◆ WHAT YOU NEED TO DO
Repeat, line for line, the entries below from the first line to the line containing "Pdf Download Finder", counting both ends.
*** PROVIDED DATA
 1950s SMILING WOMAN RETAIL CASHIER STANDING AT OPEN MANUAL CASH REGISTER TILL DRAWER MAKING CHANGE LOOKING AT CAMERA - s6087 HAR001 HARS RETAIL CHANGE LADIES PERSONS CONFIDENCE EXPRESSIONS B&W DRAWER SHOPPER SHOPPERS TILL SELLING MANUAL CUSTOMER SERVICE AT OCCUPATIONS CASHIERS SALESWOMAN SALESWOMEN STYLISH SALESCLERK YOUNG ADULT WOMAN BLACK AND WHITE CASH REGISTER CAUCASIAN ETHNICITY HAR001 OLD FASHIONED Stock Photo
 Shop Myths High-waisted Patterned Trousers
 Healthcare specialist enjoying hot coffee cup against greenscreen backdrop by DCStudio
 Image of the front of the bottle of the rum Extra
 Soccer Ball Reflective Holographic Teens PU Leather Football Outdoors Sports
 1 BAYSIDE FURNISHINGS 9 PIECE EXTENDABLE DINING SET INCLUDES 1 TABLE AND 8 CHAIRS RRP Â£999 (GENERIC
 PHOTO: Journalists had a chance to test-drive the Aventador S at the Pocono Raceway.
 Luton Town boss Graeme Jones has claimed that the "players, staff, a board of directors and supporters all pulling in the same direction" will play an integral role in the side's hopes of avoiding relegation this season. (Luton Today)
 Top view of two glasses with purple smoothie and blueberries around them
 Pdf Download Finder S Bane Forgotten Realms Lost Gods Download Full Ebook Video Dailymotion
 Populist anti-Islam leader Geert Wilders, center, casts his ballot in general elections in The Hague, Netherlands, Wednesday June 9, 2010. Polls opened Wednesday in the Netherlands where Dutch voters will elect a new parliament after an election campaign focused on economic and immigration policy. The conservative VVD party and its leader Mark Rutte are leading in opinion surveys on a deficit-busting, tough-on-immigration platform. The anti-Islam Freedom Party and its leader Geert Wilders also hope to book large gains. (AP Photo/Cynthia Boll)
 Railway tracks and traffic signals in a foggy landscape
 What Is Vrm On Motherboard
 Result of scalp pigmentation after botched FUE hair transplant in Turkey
******
◆ TASK RESPONSE
 1950s SMILING WOMAN RETAIL CASHIER STANDING AT OPEN MANUAL CASH REGISTER TILL DRAWER MAKING CHANGE LOOKING AT CAMERA - s6087 HAR001 HARS RETAIL CHANGE LADIES PERSONS CONFIDENCE EXPRESSIONS B&W DRAWER SHOPPER SHOPPERS TILL SELLING MANUAL CUSTOMER SERVICE AT OCCUPATIONS CASHIERS SALESWOMAN SALESWOMEN STYLISH SALESCLERK YOUNG ADULT WOMAN BLACK AND WHITE CASH REGISTER CAUCASIAN ETHNICITY HAR001 OLD FASHIONED Stock Photo
 Shop Myths High-waisted Patterned Trousers
 Healthcare specialist enjoying hot coffee cup against greenscreen backdrop by DCStudio
 Image of the front of the bottle of the rum Extra
 Soccer Ball Reflective Holographic Teens PU Leather Football Outdoors Sports
 1 BAYSIDE FURNISHINGS 9 PIECE EXTENDABLE DINING SET INCLUDES 1 TABLE AND 8 CHAIRS RRP Â£999 (GENERIC
 PHOTO: Journalists had a chance to test-drive the Aventador S at the Pocono Raceway.
 Luton Town boss Graeme Jones has claimed that the "players, staff, a board of directors and supporters all pulling in the same direction" will play an integral role in the side's hopes of avoiding relegation this season. (Luton Today)
 Top view of two glasses with purple smoothie and blueberries around them
 Pdf Download Finder S Bane Forgotten Realms Lost Gods Download Full Ebook Video Dailymotion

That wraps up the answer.